CATBoost with Hyperparameter Tuning

In [None]:
#Finding the optimal parameters by Grid Search Cross Validation

parameters = {'depth' : [8,7,6],'learning_rate' : [0.025, 0.05, 0.1],'iterations':[100,200,500]}
CB_regressor = CatBoostRegressor(iterations=50, loss_function='RMSE',cat_features=categorical_features_indices)
grid = GridSearchCV(estimator=CB_regressor, param_grid = parameters, cv = 5, n_jobs=-1)
grid.fit(X_train, y_train)
print("\n The best parameters across ALL searched params:\n",grid.best_params_)


In [None]:
# creating Catboost model
best_CB_regressor= CatBoostRegressor(iterations=500,depth=8,learning_rate=0.1, loss_function='RMSE')
 # train the model
best_CB_regressor.fit(X_train,y_train,cat_features=categorical_features_indices,eval_set=(X_test, y_test),verbose=False,plot=False)

In [None]:
#Make predictions and evalution of Catboost model

print(f'Training score:{best_CB_regressor.score(X_train,y_train)}')

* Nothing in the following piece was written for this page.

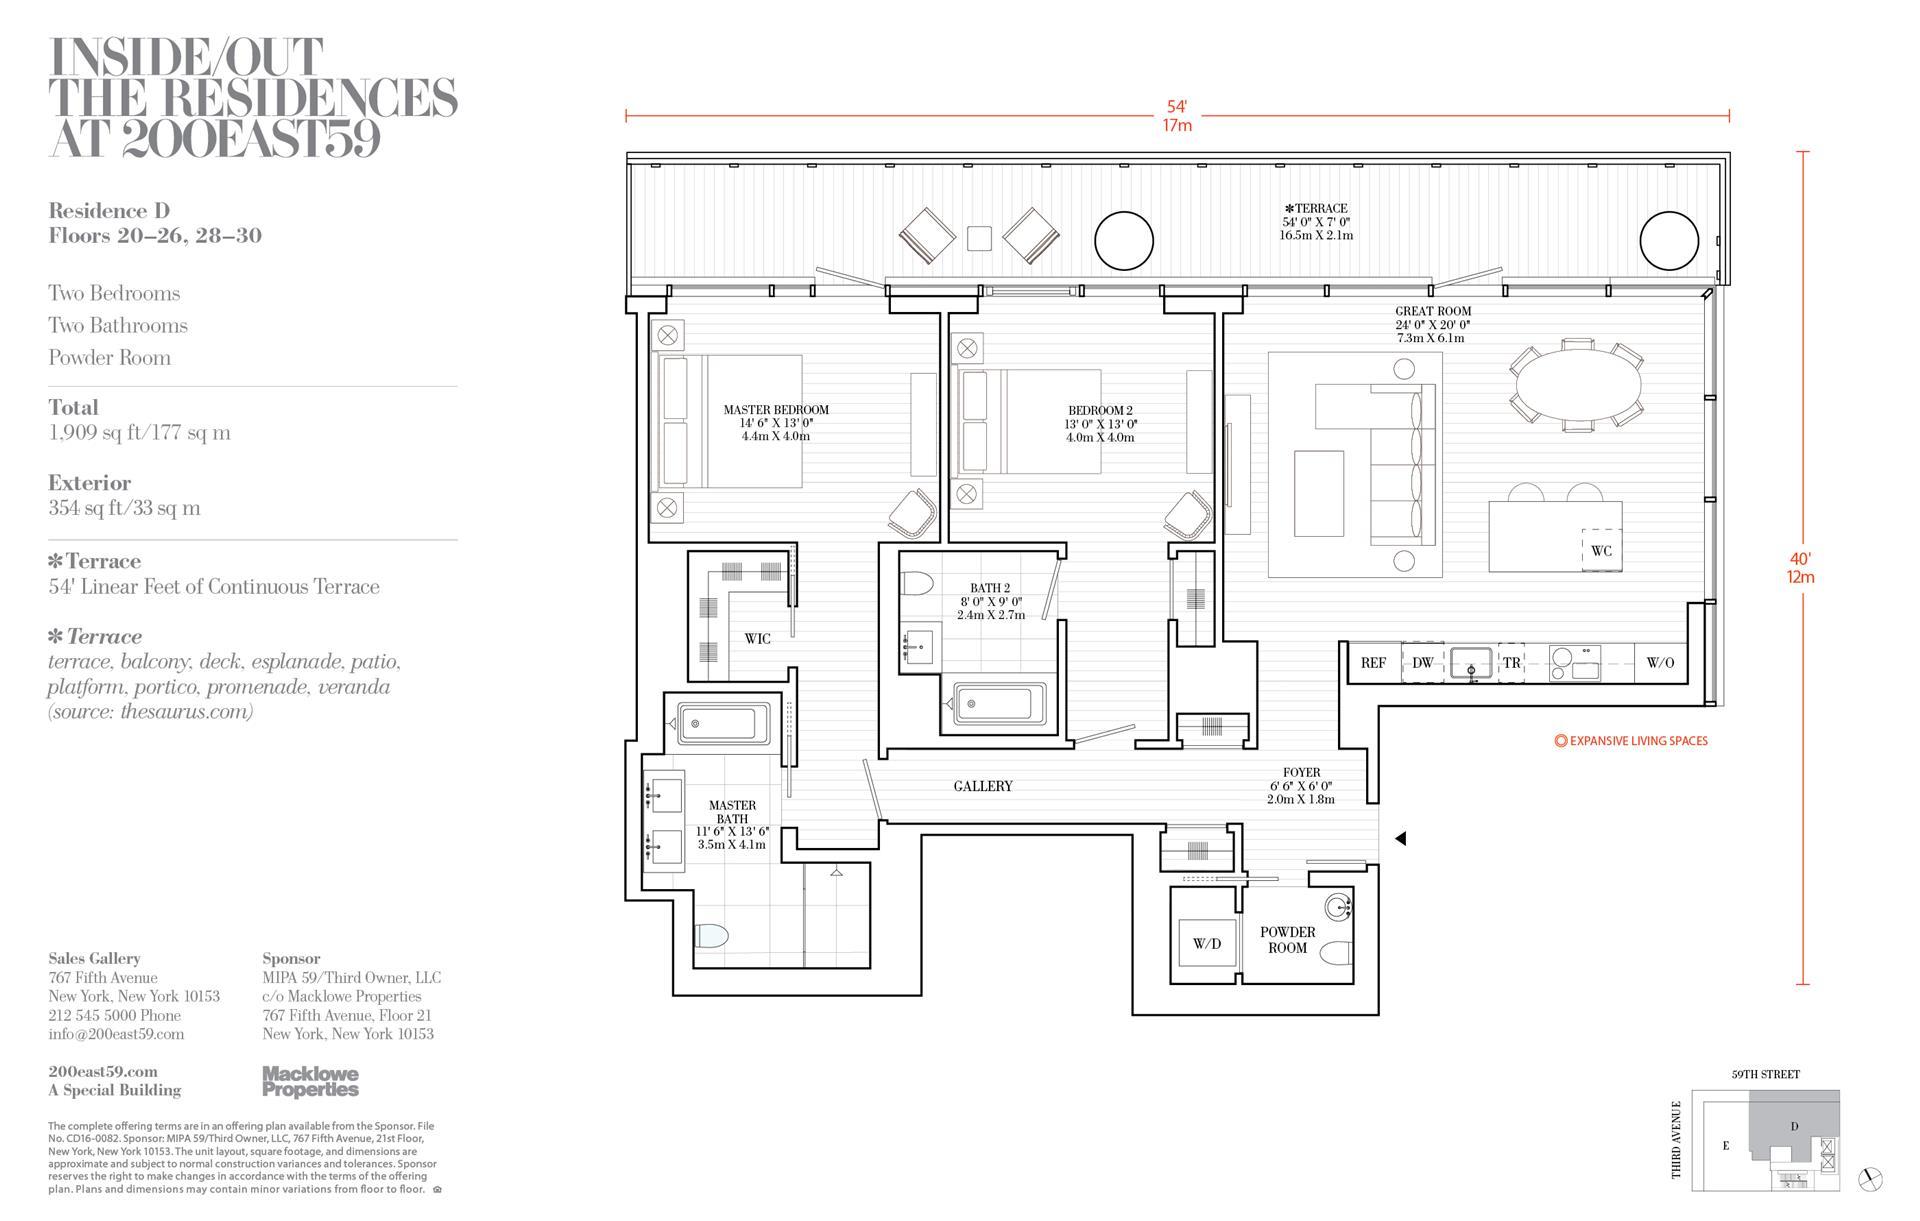 Floor plan of 200 East 59th St, 21D - Midtown, New York
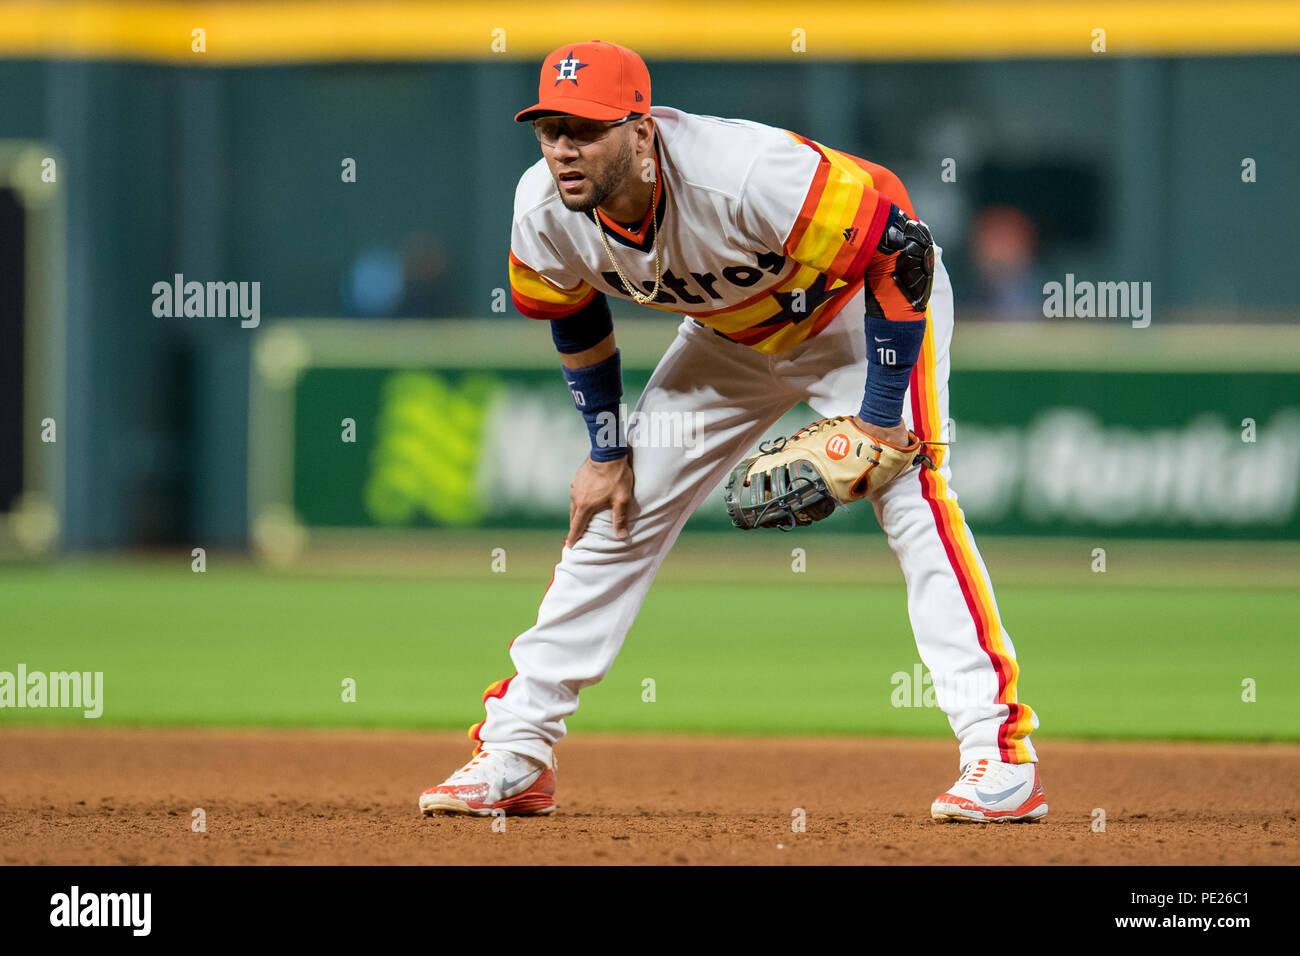 quality design 92552 b3697 August 10, 2018: Houston Astros first baseman Yuli Gurriel ...

y_pred=best_CB_regressor.predict(X_test)

#Evaluating the model
list_of_models.append(evaluate_model('Catboost Regression(tuned)',X_test,y_test,y_pred))

In [None]:
#Visualizing features importance of the best Catboost model
plotting_imp_features(best_CB_regressor, X_train)

In [None]:
#Comparing models
Comparison_df=pd.DataFrame(list_of_models,columns=['Regression Model','Mean Absolute Error','Mean Squared Error','Root Mean Squared Error','r2 score','adjusted r2 score'])
Comparison_df

# Conclusion



*  

    Evaluating the performance metrics of the models has brought us to a conclusion that Decison tree based Ensemble models like XGBoost and CatBoost models are the most suitable for Predicting the number of bikes required on an hourly basis.



    
*   The important features for prediction are : Hour &Temperature.

*   Due to the lack of significant linear correlation between the independent variables and the count of Rented bikes,Linear regression and Polynomial regression are not good fit in this scenario.